What you should do: From the line containing "Ligue des champions: la" to the final line of the material below, return every line exactly. Do not include pictures.

Given information:
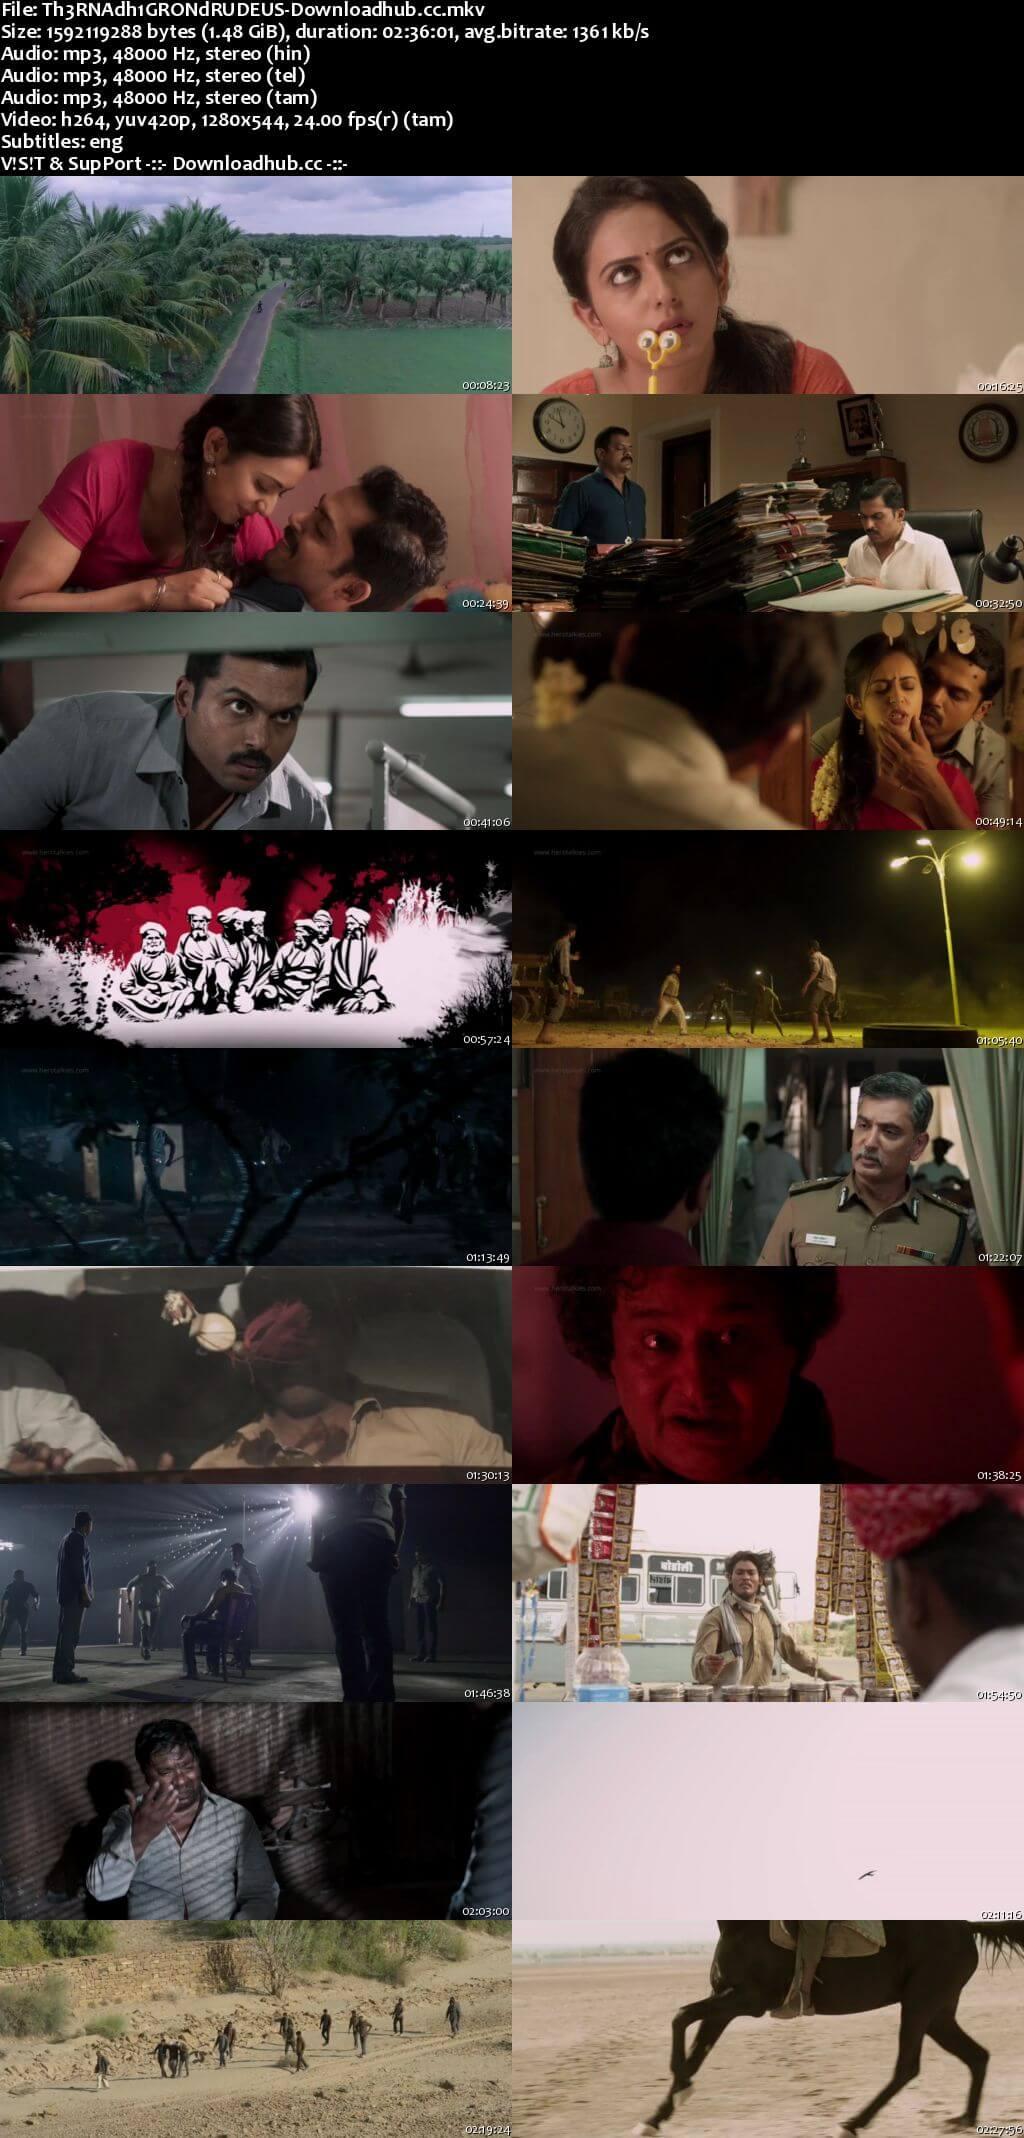 Theeran Adhigaaram Ondru 2017 UNCUT Hindi Dual Audio 720p HDRip Free Download
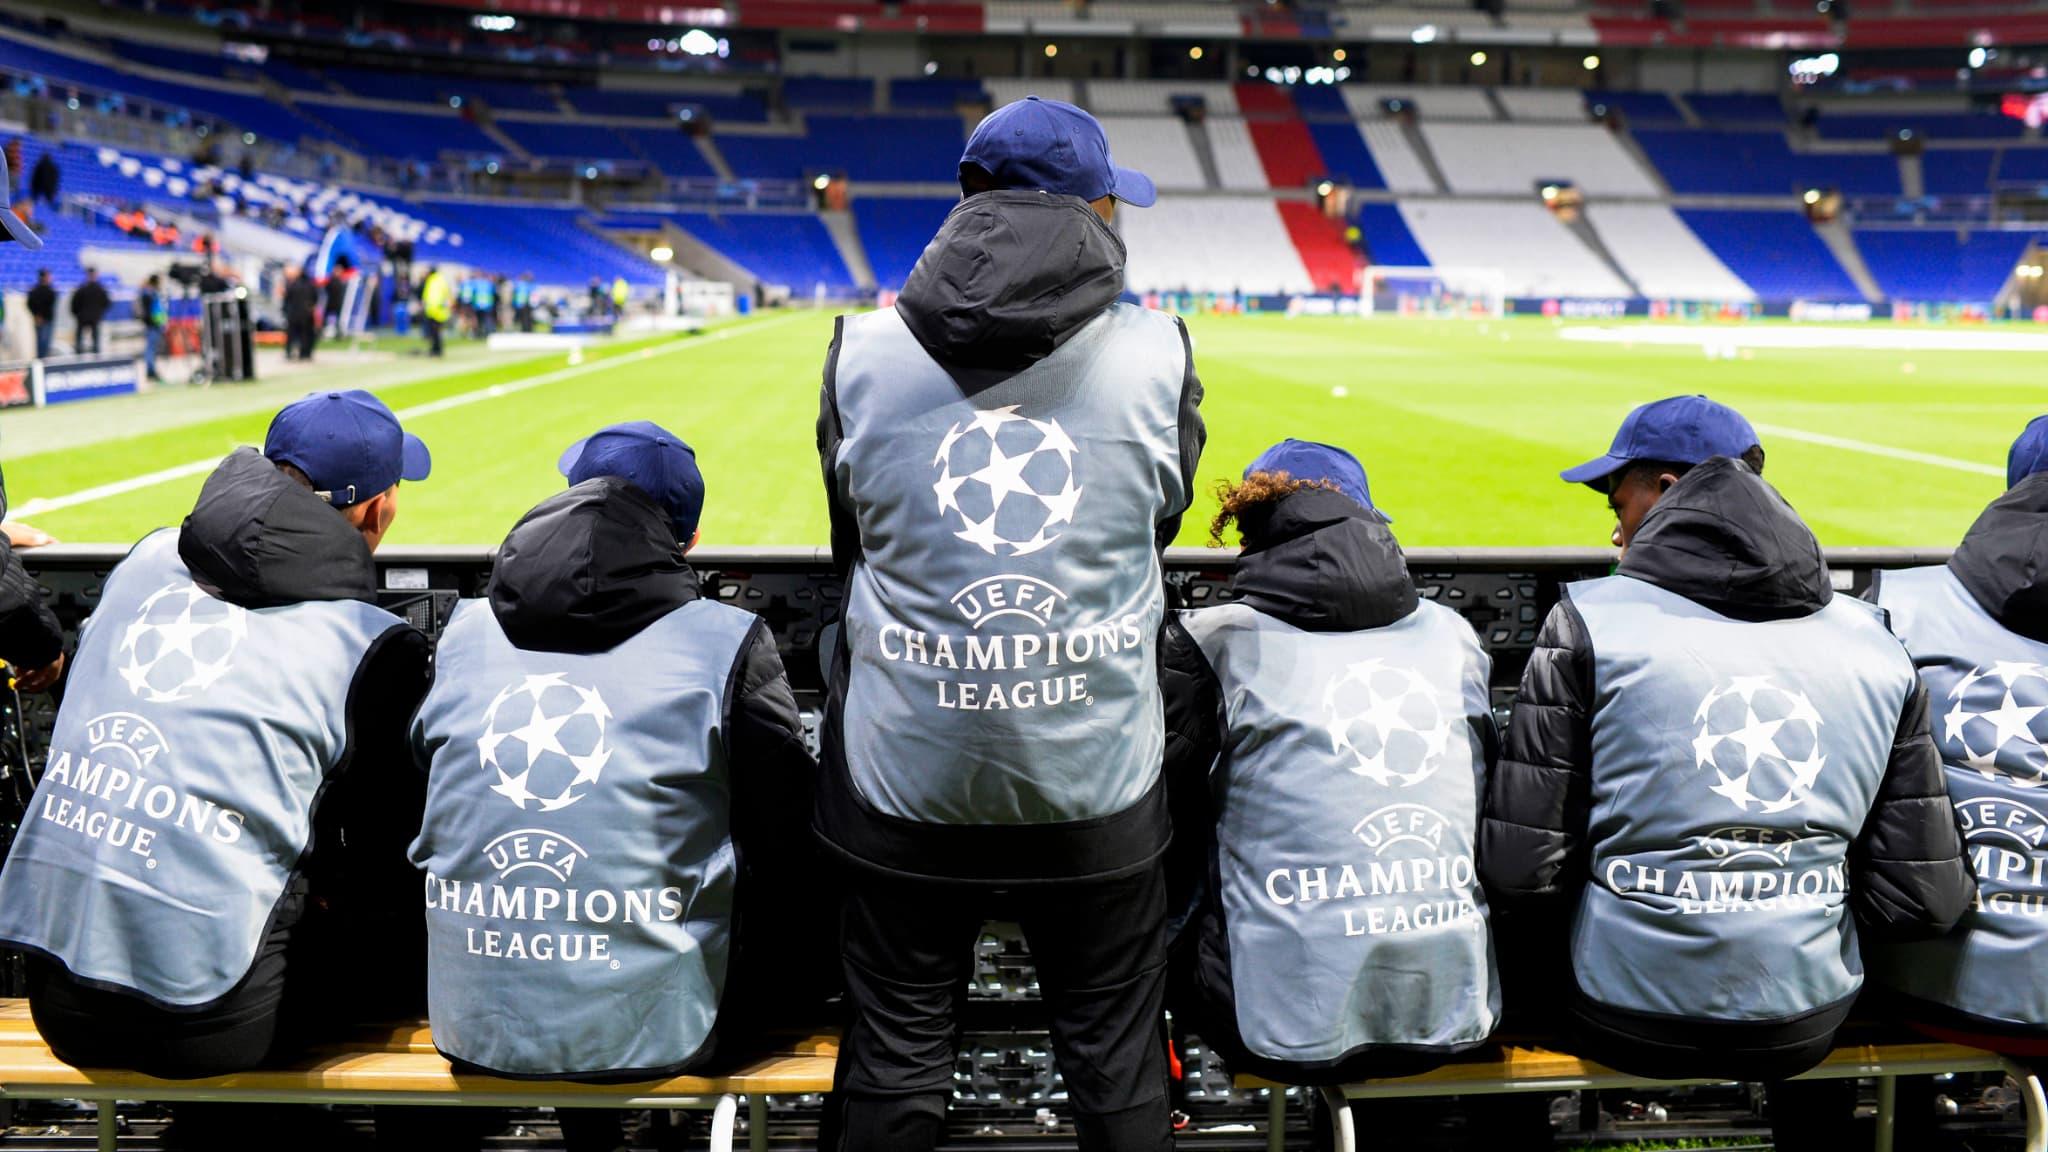 Ligue des champions: la Ligue 1 pourrait avoir un 4e club qualifié à partir de 2024 - RMC Sport
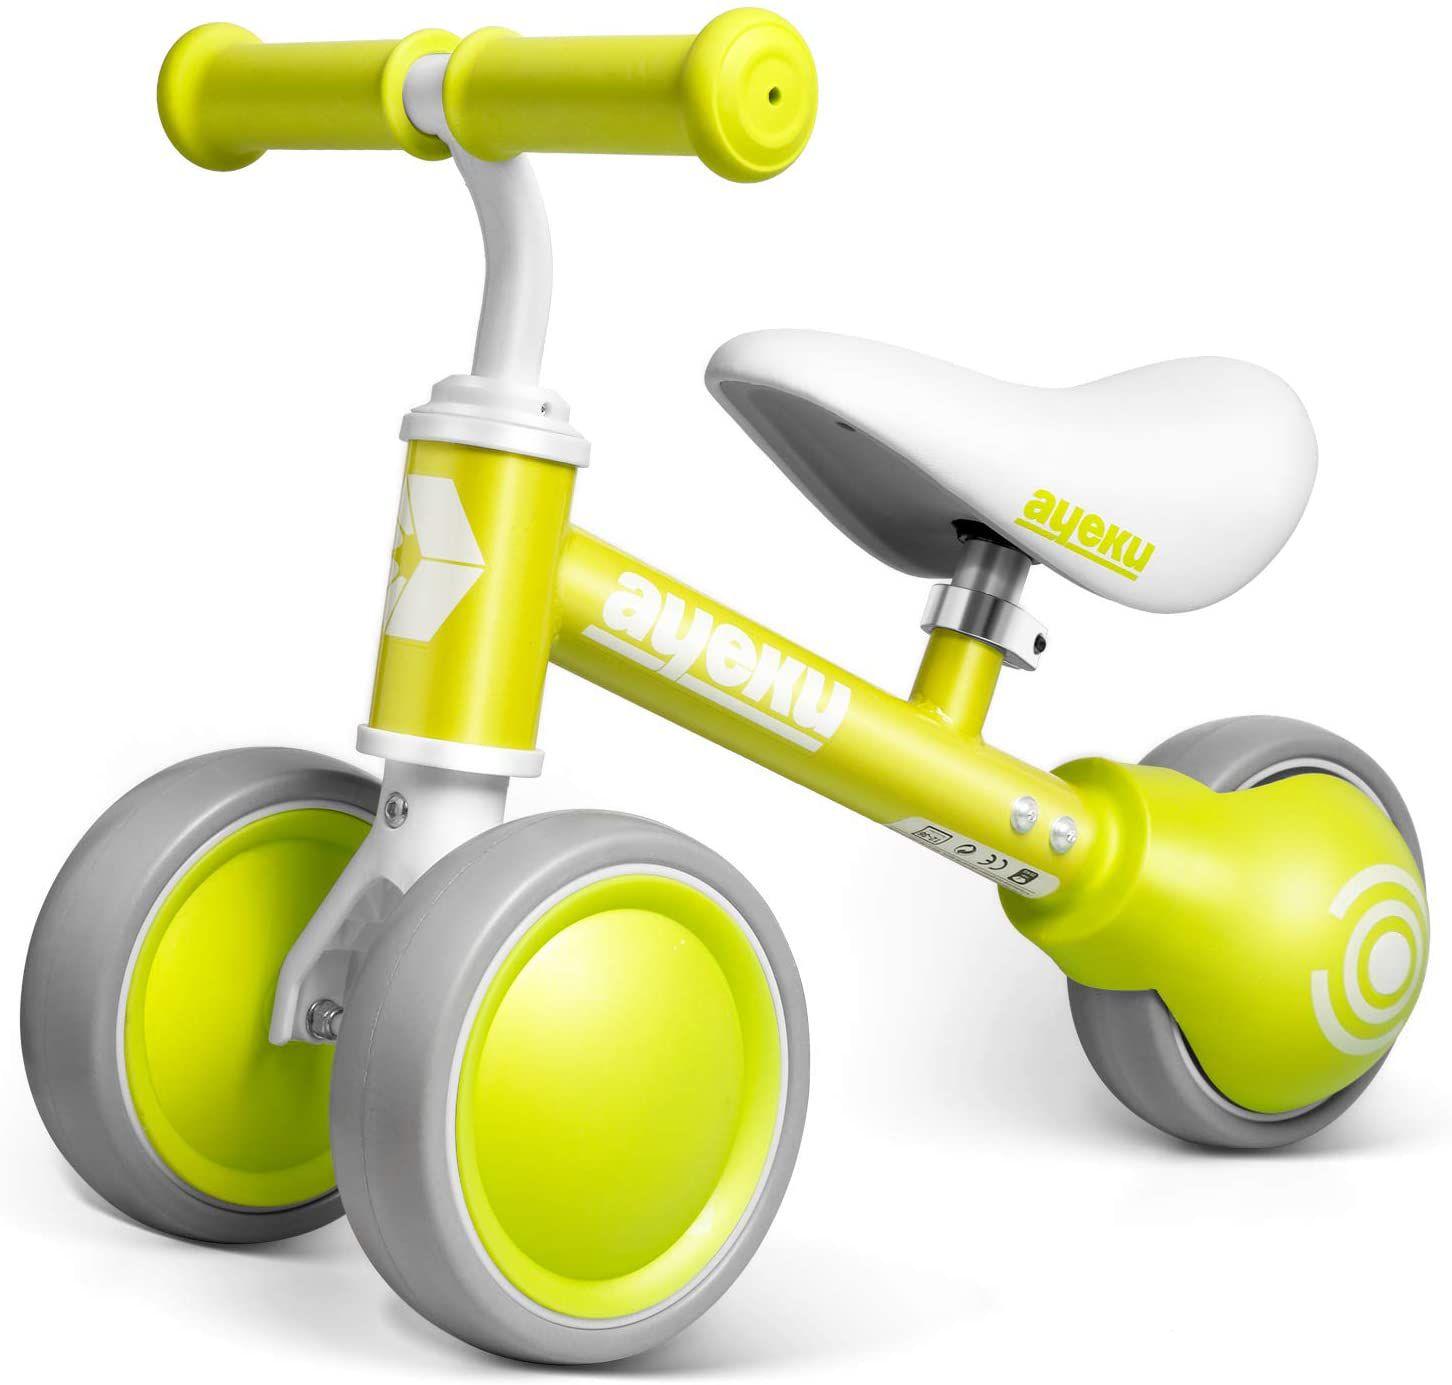 AyeKu Baby Balance Bike

Finished task:
 Ligue des champions: la Ligue 1 pourrait avoir un 4e club qualifié à partir de 2024 - RMC Sport
 AyeKu Baby Balance Bike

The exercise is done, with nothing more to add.